[Start of Attachment]

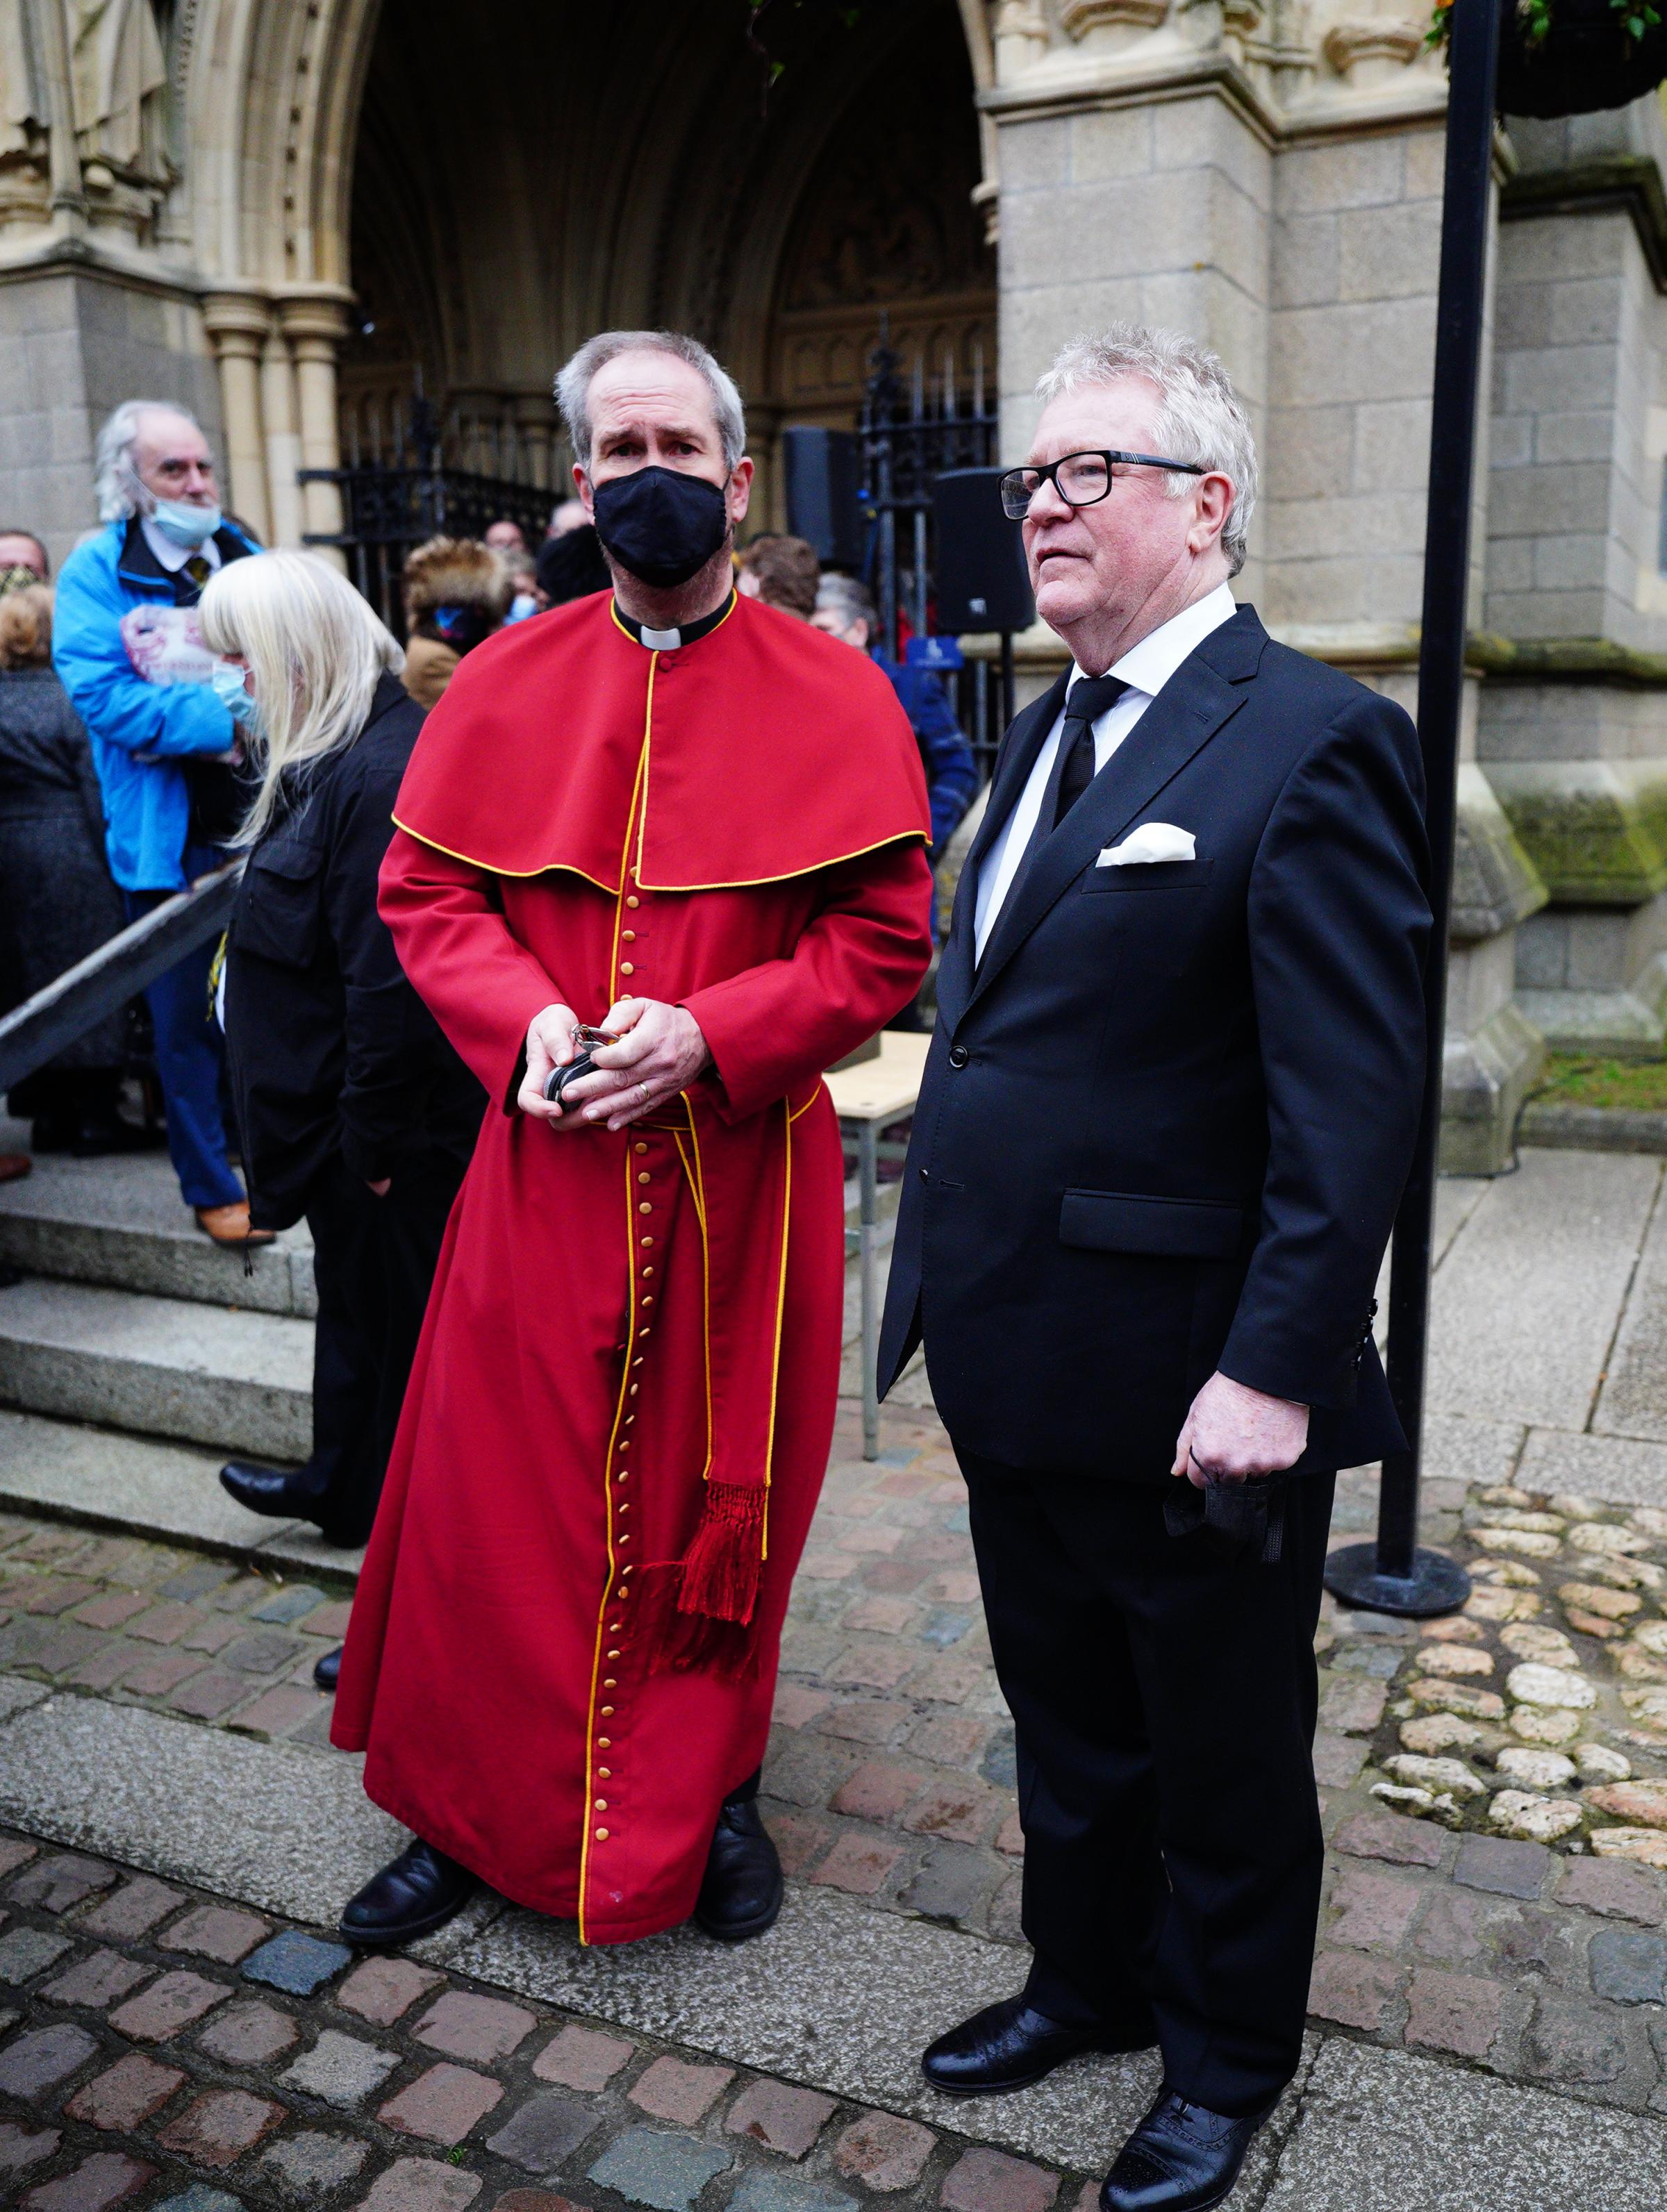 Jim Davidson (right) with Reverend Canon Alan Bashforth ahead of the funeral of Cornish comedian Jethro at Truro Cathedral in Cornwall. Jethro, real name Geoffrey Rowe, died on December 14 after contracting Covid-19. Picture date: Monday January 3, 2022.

[End of Attachment]
[Start of Attachment]

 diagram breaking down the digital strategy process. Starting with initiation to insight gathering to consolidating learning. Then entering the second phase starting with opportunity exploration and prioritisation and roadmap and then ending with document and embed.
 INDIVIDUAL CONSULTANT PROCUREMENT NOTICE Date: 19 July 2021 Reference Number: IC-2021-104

[End of Attachment]

** PROBLEM DESCRIPTION **
Whatever else the listing above holds, retype exactly only the lines from the one containing "diagram breaking down" to the one containing "INDIVIDUAL CONSULTANT PROCUREMENT", both ends kept.

** EXPECTED ANSWER **
 diagram breaking down the digital strategy process. Starting with initiation to insight gathering to consolidating learning. Then entering the second phase starting with opportunity exploration and prioritisation and roadmap and then ending with document and embed.
 INDIVIDUAL CONSULTANT PROCUREMENT NOTICE Date: 19 July 2021 Reference Number: IC-2021-104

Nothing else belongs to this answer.